God what a great thread. I'd forgotten all about Children of the Dust - read it when i was about 12 and it gave me nightmares for weeks!

YY to whoever said The Silver Sword and Stranger With My Face - Remember trying to learn how to astrally project after reading that...

Other favourites were:

I Went To School In The Jungle
No End to Yesterday (a proto-misery lit type read - I was obsessed with this book as a child & read it over and over again)
Sure more will come back to me as I think about it!

For anyone wanting to avoid amazon, www.abebooks.co.uk is worth a try... Smile

DavidTwattenborough · 28/02/2014 14:38

Oh God.

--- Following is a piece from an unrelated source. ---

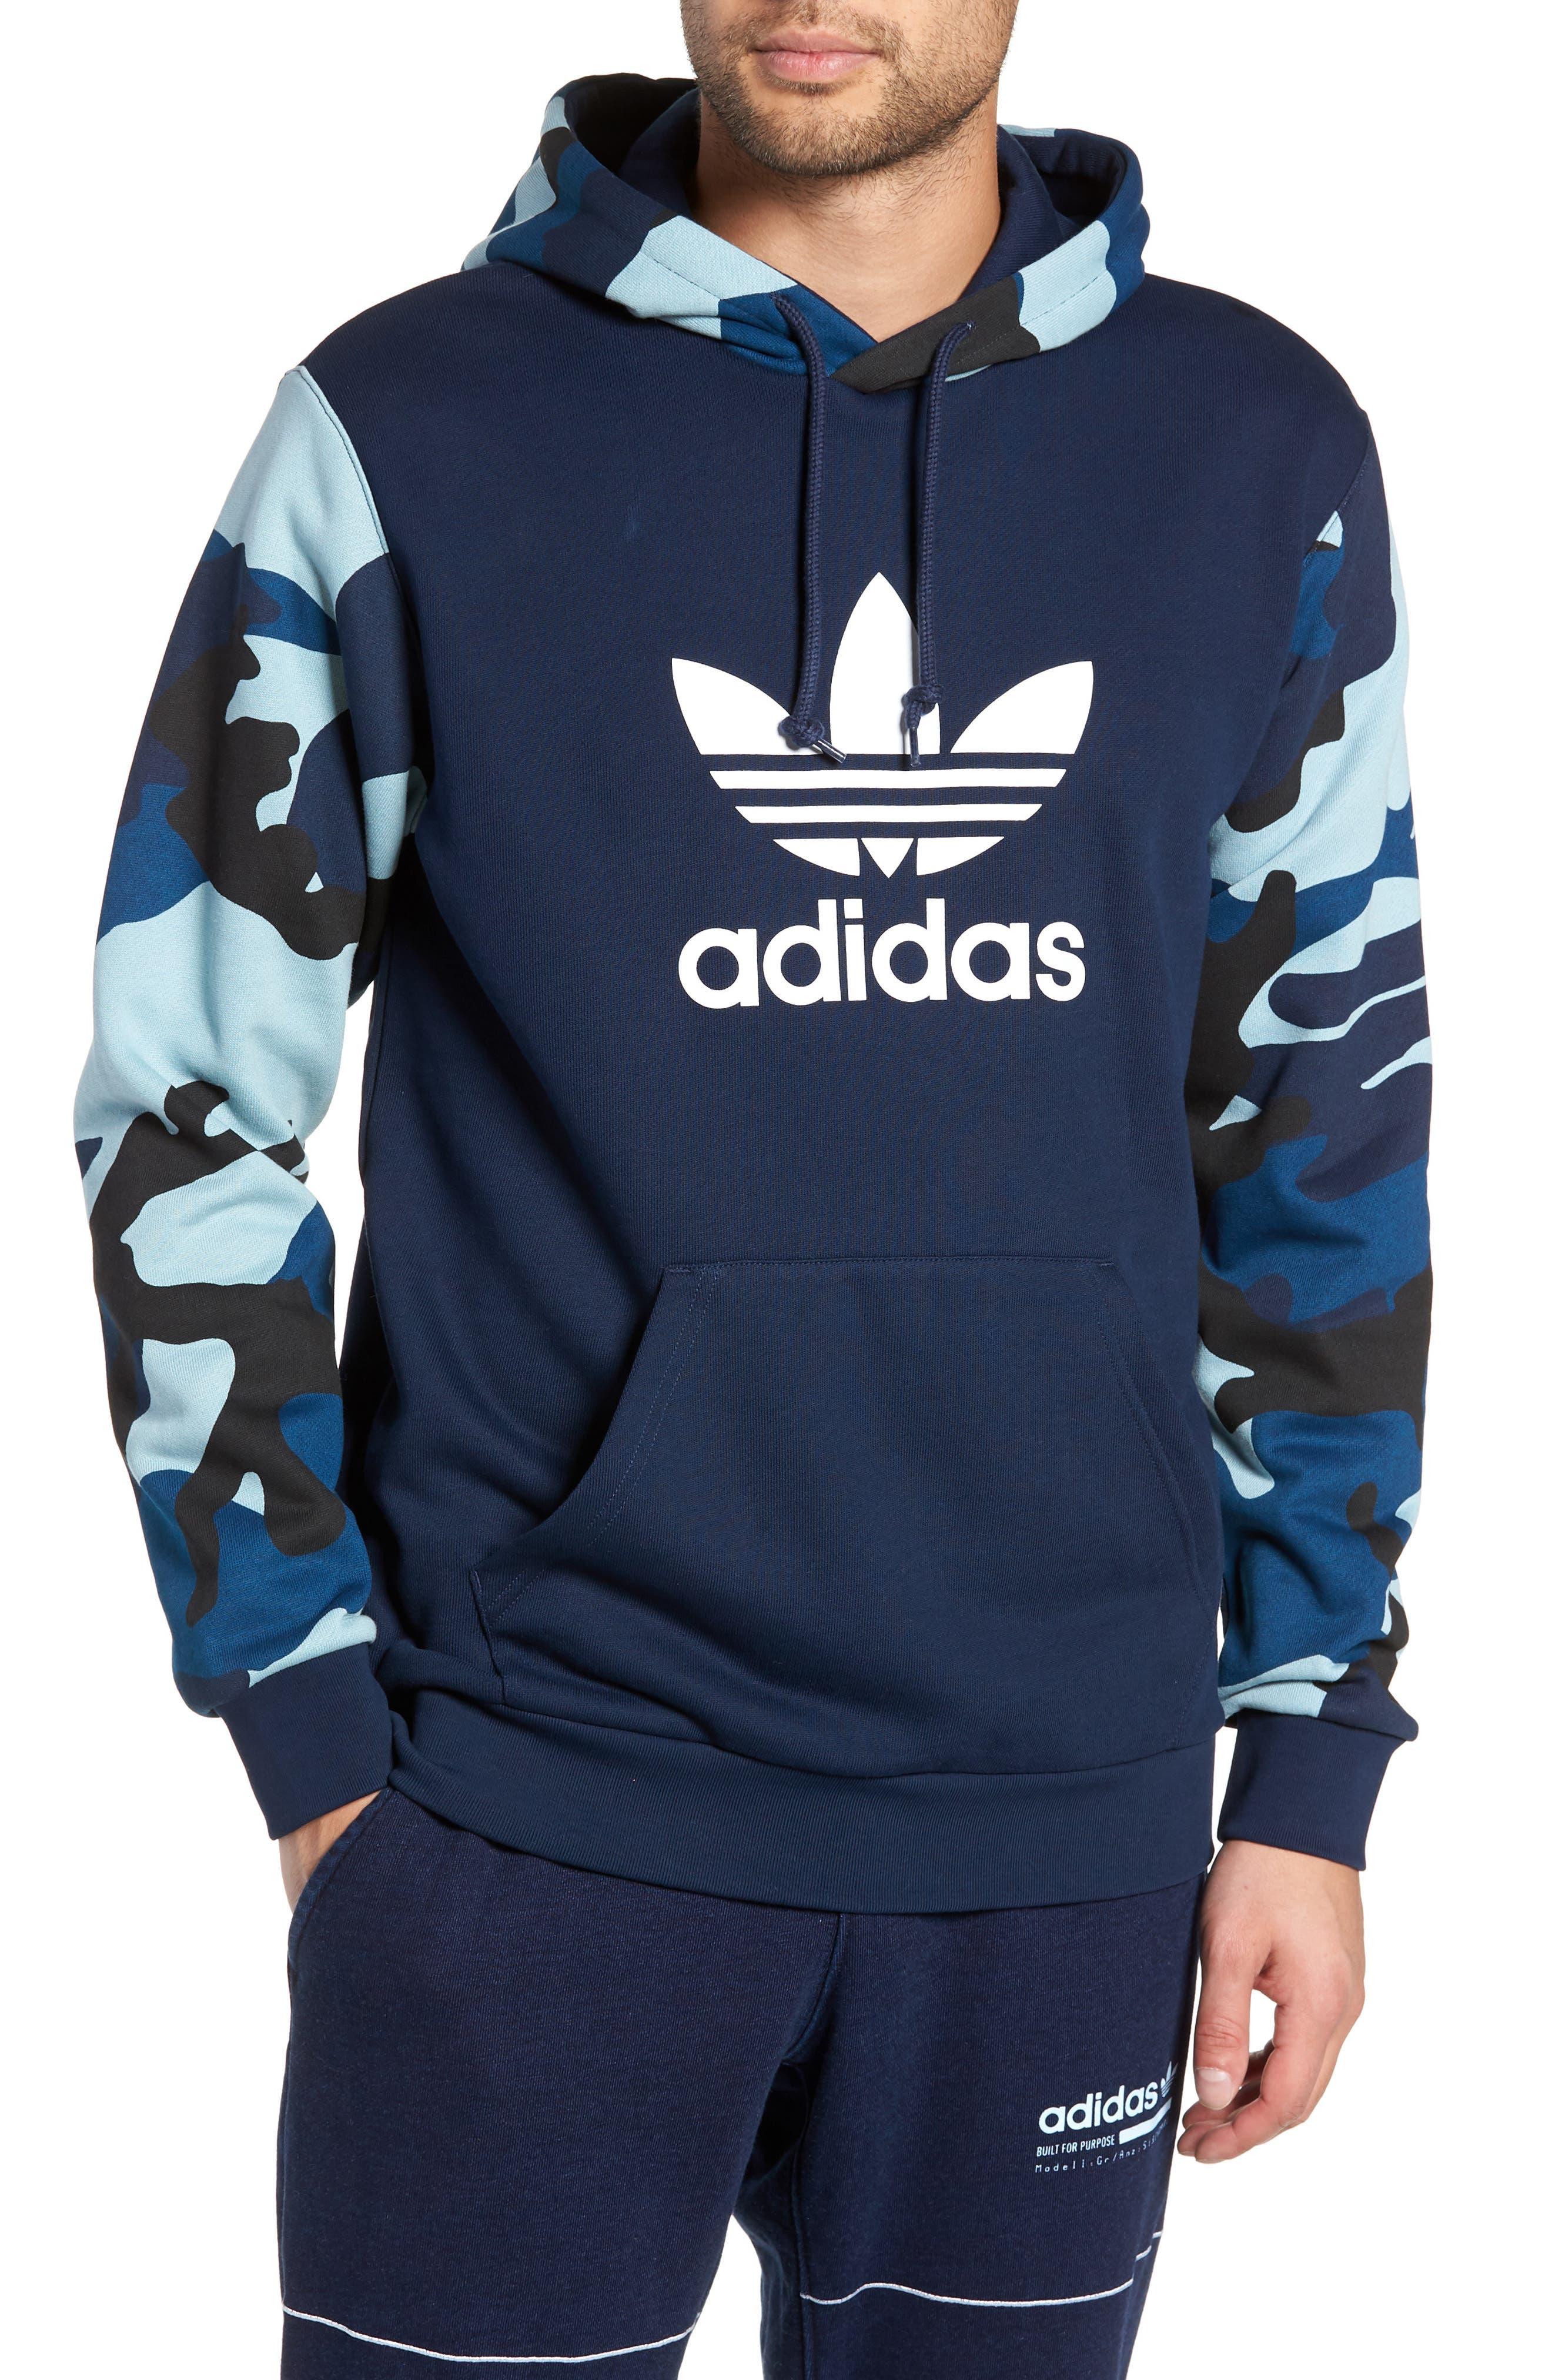 ADIDAS ORIGINALS Camo Hooded Sweatshirt, Main, color, COLLEGIATE NAVY

And there was another one I loved too, about a broken TV that predicts the future, can't remember what it was called though?! It featured an annoying younger brother.

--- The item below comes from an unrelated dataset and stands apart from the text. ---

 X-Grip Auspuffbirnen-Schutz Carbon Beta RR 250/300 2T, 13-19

Have a feeling it was written by the same writer who did Freaky Friday

AmazingBouncingFerret · 28/02/2014 14:43

LBOCS it's annoying isn't it. It should be against the law. Grin

I remember a book that's set in the future and there's a big fence that separates the town and country. The town is all very big brother like and has lots of mod cons, where's the other side is very genteel.

Cannot for the life of me remember the plot or the name of the book.

ShadowFall · 28/02/2014 14:45

Doodleoinkquack - I'm pretty sure the book you're talking about with the girl dying in the abortion clinic is one of Christopher Pike's books, but the name escapes me at the minute.

ElleBellyBeeblebrox · 28/02/2014 14:49

It is Christopher Pike, it's Whisper of Death. Geek

bottleofbeer · 28/02/2014 14:49

Kate Cann, the Collete and Art trilogy. Diving in, In the deep end and Sink or swim.

That Go Ask Alice seems really familiar and I think I read it.

I also did Z for Zachariah GCSE English 94. Bought it recently. Still as good as I remembered and began my hatred of all things nuclear.

Stranger with my face was about astral travel.

LouSend · 28/02/2014 14:49

ElleBelly I borrowed the 3-books-in-1 trilogy of chainletter from the library when I was 14/15. My parents and siblings went away for the weekend leaving me alone for the very first time so I settled down for a read fest.

I didn't sleep. Once I started the first book I couldn't settle until I'd read the very last word of the very last book or I knew I'd have nightmares.

Which was the Christopher Pike book about the girl who died at a party and her ghost came back to and out who'd killed her. I remember enjoying very much and reading the sequel(s) but it(they) weren't as good. Her name was shanie or Sandi or something.